De begrotingsstaten die onderdeel zijn van de Rijksbegroting, worden op grond van artikel 2.3, eerste lid, van de Comptabiliteitswet 2016 elk afzonderlijk bij wet vastgesteld en derhalve ook gewijzigd. Het onderhavige wetsvoorstel strekt ertoe om voor het jaar 2022 wijzigingen aan te brengen in:
1. de departementale begrotingsstaat van het ministerie van Volksgezondheid, Welzijn en Sport;
Normaliter wordt nieuw beleid in uitvoering genomen nadat de Staten-Generaal de begrotingswet heeft geautoriseerd. Aangezien uitvoering van de maatregelen in verband met vaccin-inkoop, Werk aan uitvoering en standaardisatie gegevensuitwisseling, die in deze zevende incidentele suppletoire begroting zijn opgenomen in het belang van het Rijk zijn, en niet kunnen wachten tot formele autorisatie van beide Kamers der Staten-Generaal, zal het kabinet de uitvoering van deze nieuwe maatregelen starten nadat beide Kamers hierover zijn geïnformeerd.

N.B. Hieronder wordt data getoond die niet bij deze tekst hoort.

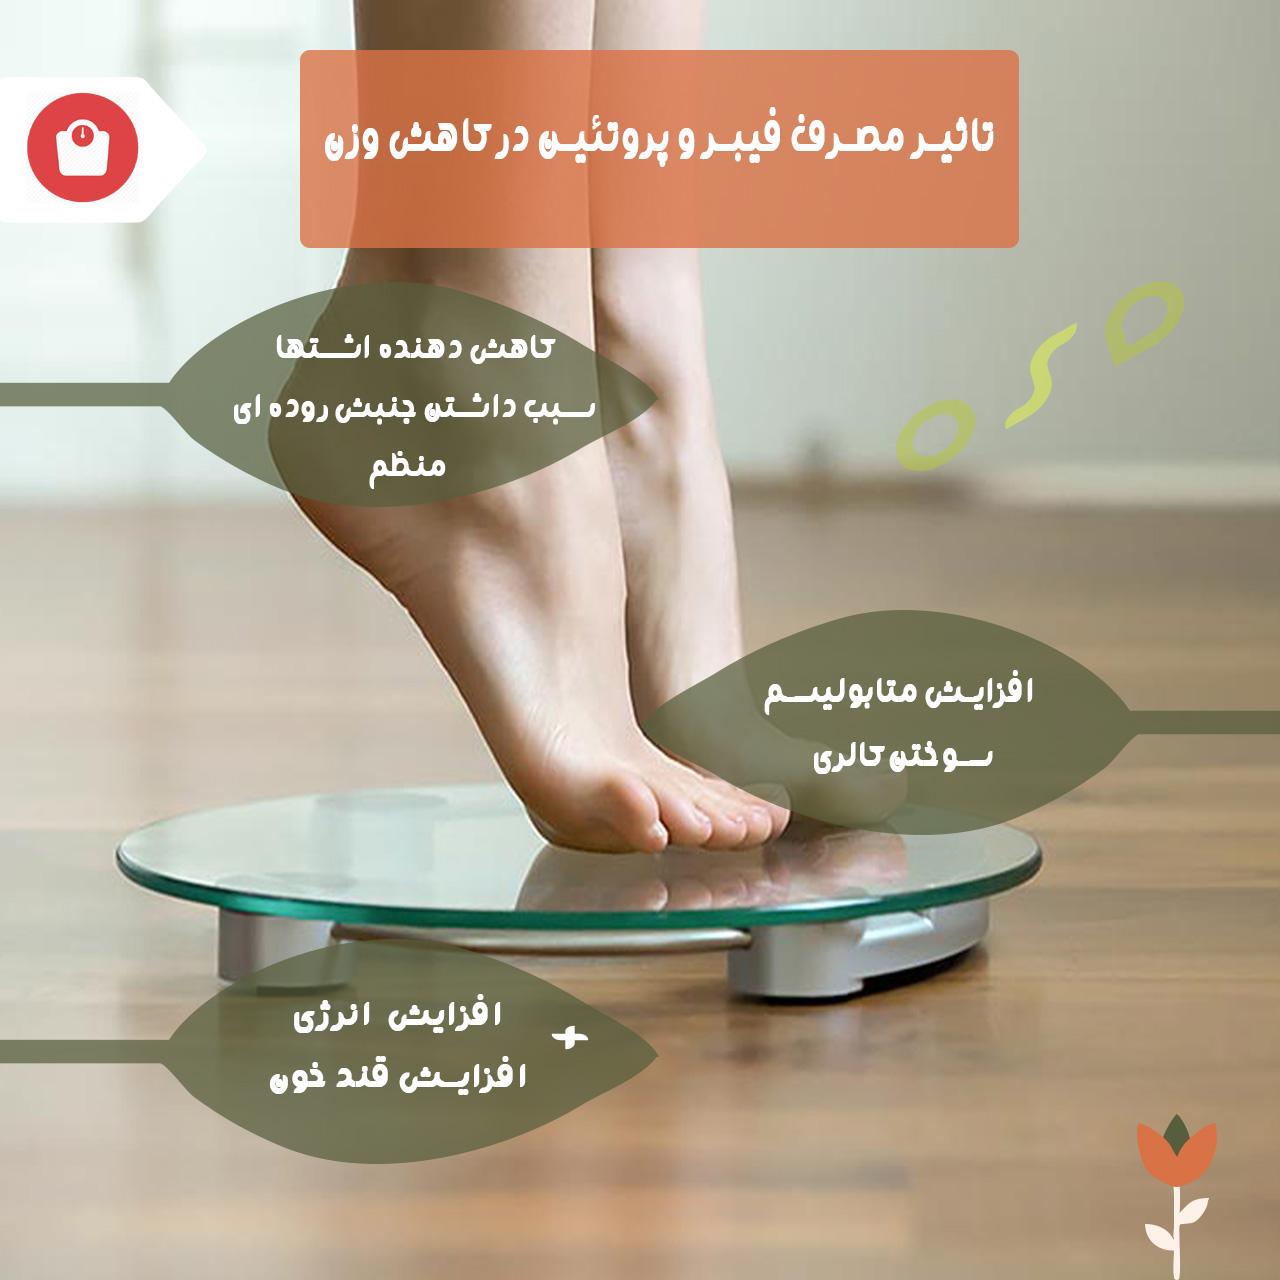 تاثیرات مصرف فیبر و پروتئین در کاهش وزن

Hiermee wordt gehandeld conform artikel 2.27, tweede lid, van de Comptabiliteitswet 2016. Voor de indiening van deze incidentele suppletoire begroting is uw Kamer vooraf geïnformeerd via de Startnota kabinet Rutte IV van 10 januari 2022 (Kamerstukken II 2021/22, 35925, nr. 143), de brief Lange termijn aanpak COVID-19 (Kamerstukken II 2021/22, 25295, nr. 1834) en de brief Nadere uitwerking lange termijn aanpak COVID-19 (Kamerstukken II, 2021/22, 25295 nr. 1883).
De in de begrotingsstaat opgenomen begrotingsartikelen worden in onderdeel B van deze memorie van toelichting toegelicht.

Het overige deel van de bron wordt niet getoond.